Eyeless in Gaza - 'Drumming the Beating Heart' (Cherry Red)

My other experience with Eyeless in Gaza comes a year after Photographs as Memories, finding a bolder production, maybe slightly toned-down singing, and some long-form instrumental explorations in 'Dreaming at Rain'. (Great choice of a preposition there, guys!) Maybe the 80's changed everyone because I hear a more 4AD sound here - not that Photographs didn't had a liberal use of synth textures and reverb-laden vocals, but it has the more polished, more churchy vibe here which makes me think of Dead Can Dance or Dif Juz. 'Veil Like Calm' sounds practically epic, compared to the first albums relative raggedness; there's not only more confidence here, but a more unified vision perhaps. At this point, Eyeless in Gaza sound like Eyeless in Gaza and no one else. It's still unmistakably capturing a mood and time that is long past, yet elements surface in the popular sounds of today. I keep going back to the aforementioned 'Dreaming at Rain' - it's clearly the dark horse on the album, yet feels a product of writing the rest of the songs -- the end of an organic process, perhaps. I don't mean to harp on Bates' voice, which is wonderful and expressive - but here, especially on side two, he stretches it into something flowing and responsive rather than just over-the-top dramatic.

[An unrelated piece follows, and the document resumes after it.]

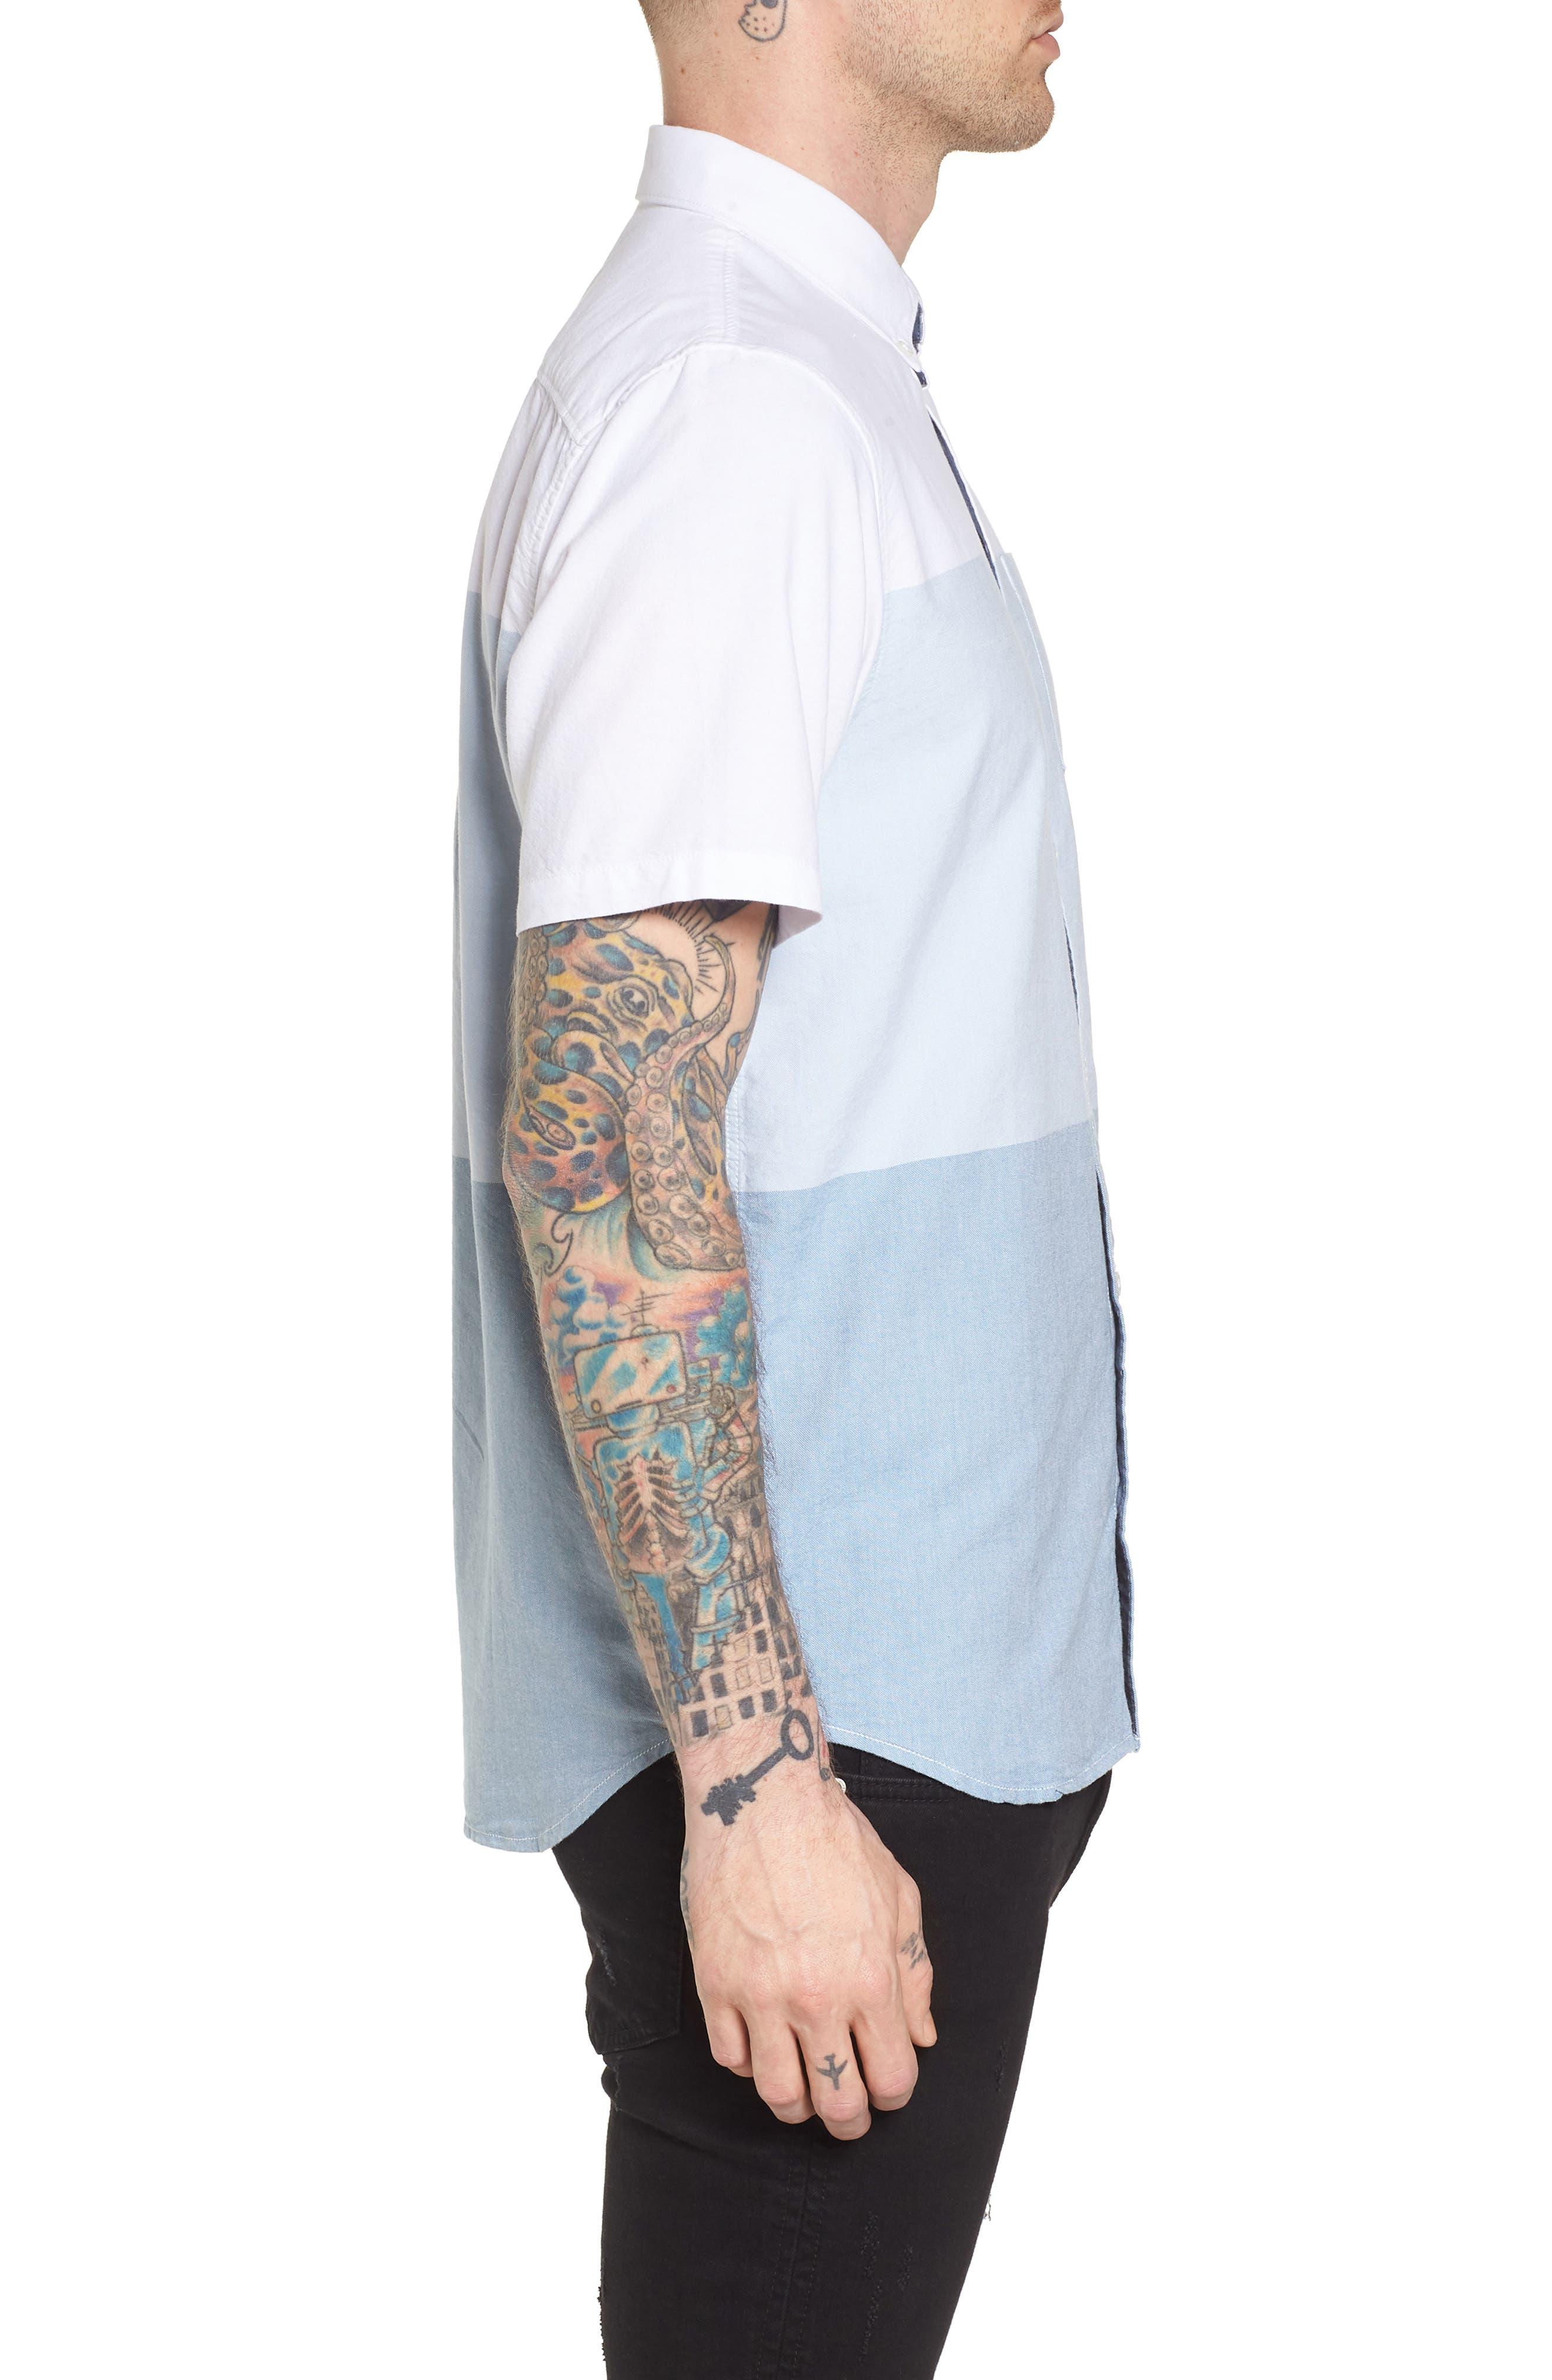 Houser Woven Shirt,                             Alternate thumbnail 4, color,                             White/ Real Teal
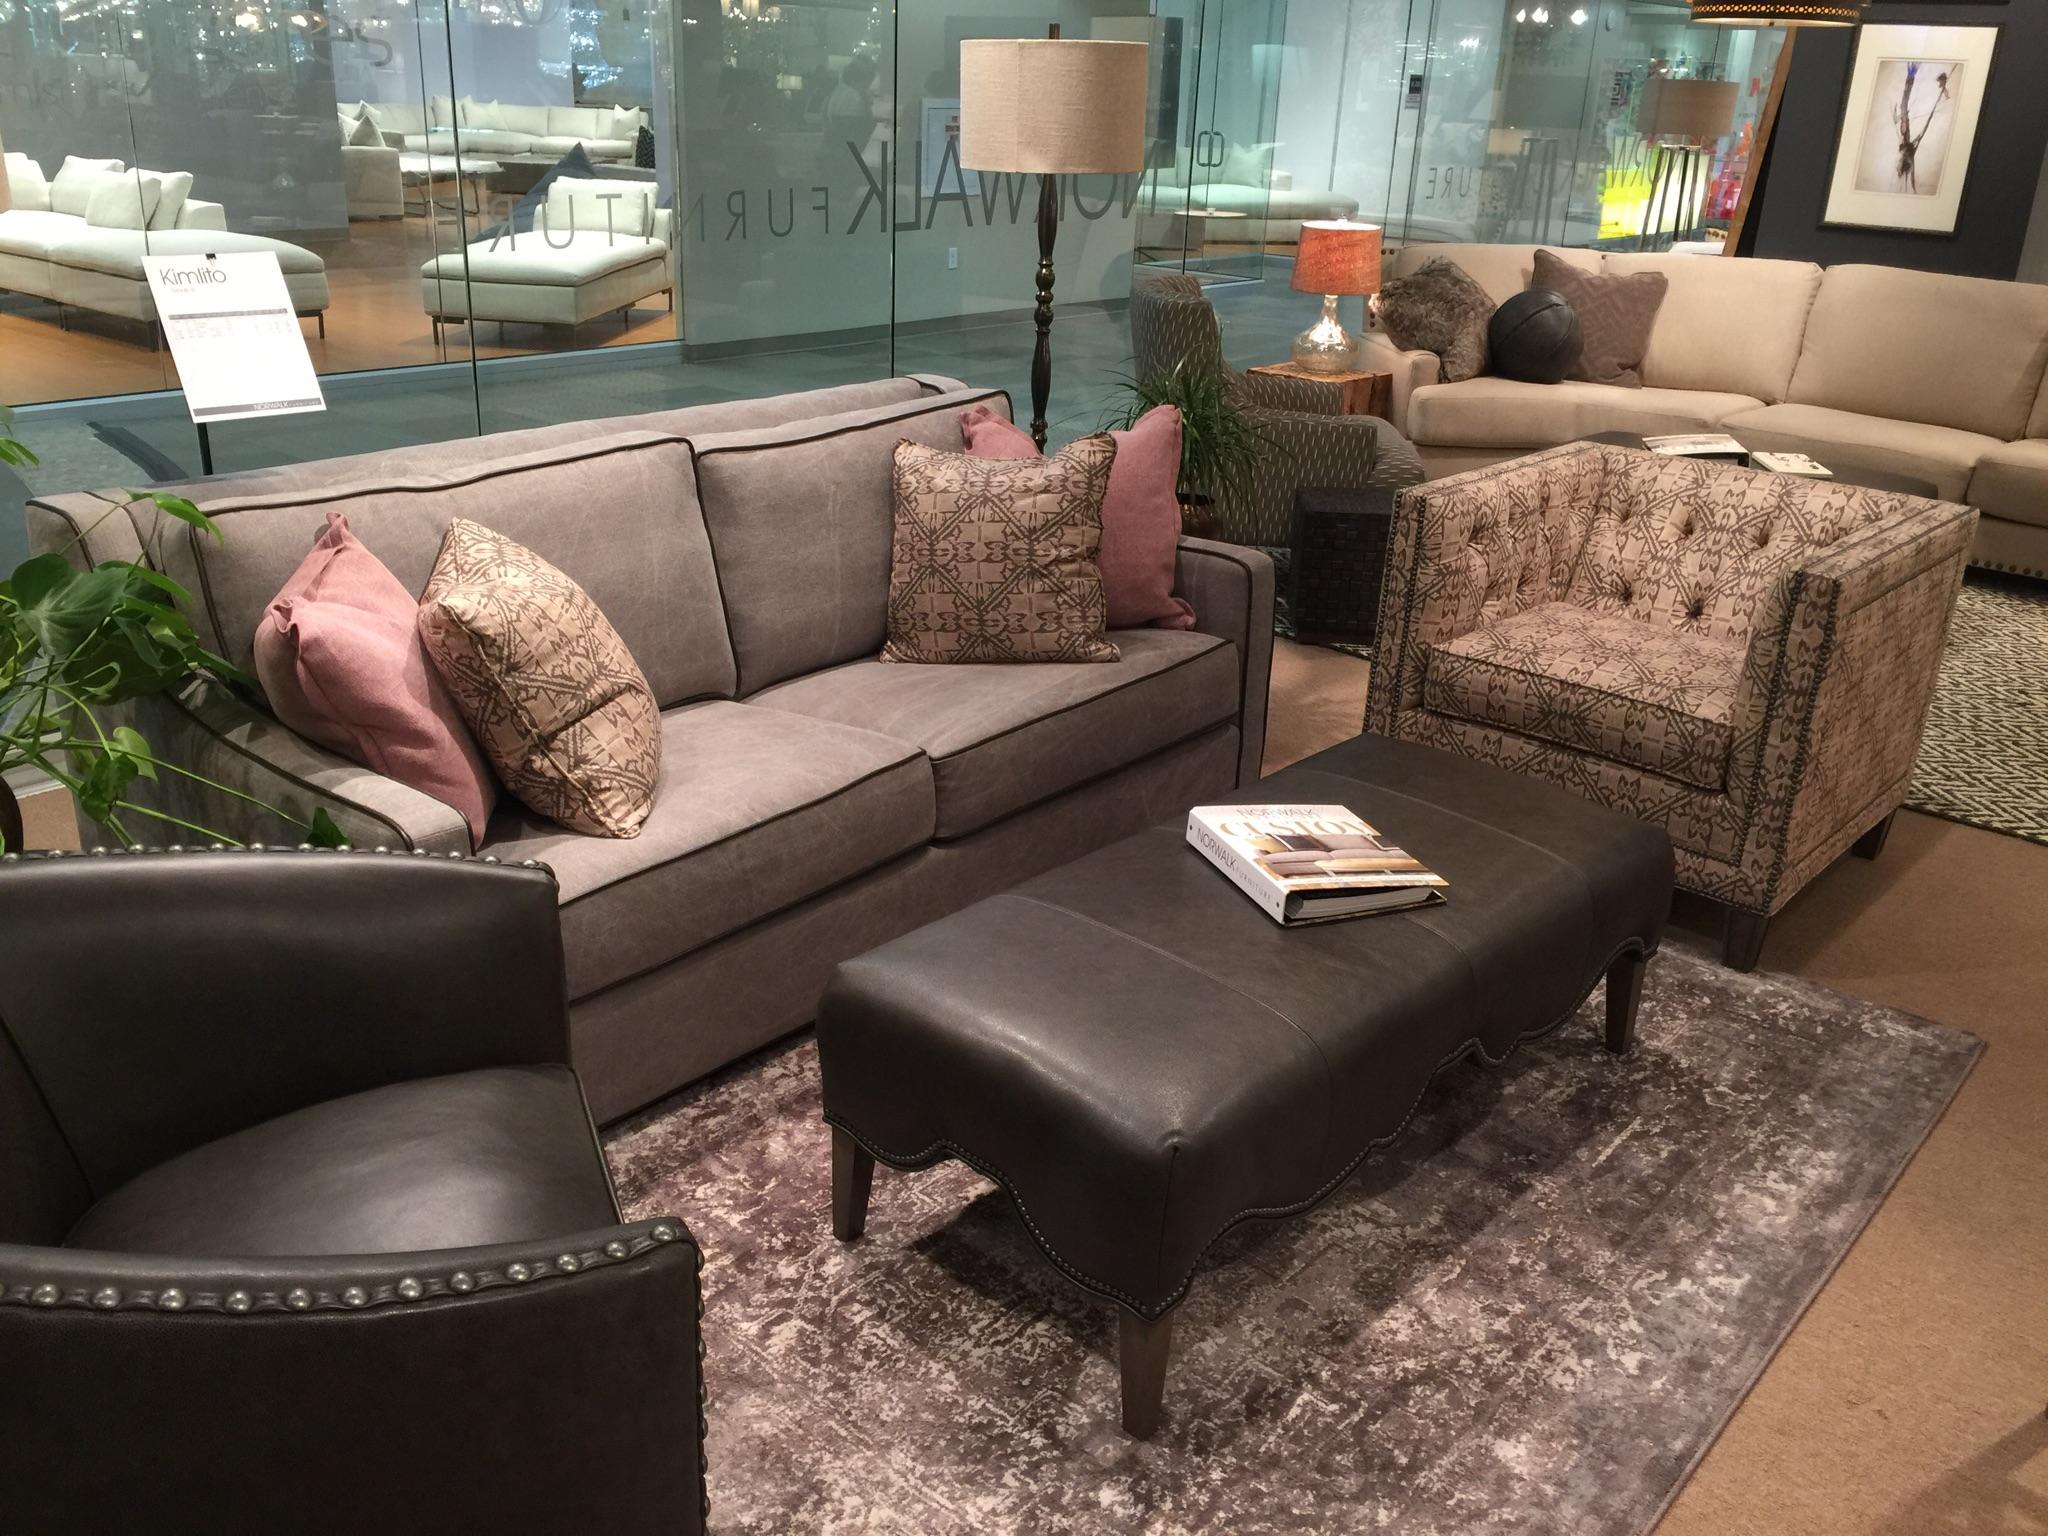 Klimkow Sofa

There's more instrumentation that guitars here (as there was on the first, but even moreso) and the plinky-plonks and bells and whistles occasionally create a tapestry of pure tortured beauty. Despite these new romantic tendencies (and the album title) this never strays into too maudlin territory. An underrated gem.

21 October 2010

Car Commercials - 'Eric's Diary' (Soft Abuse)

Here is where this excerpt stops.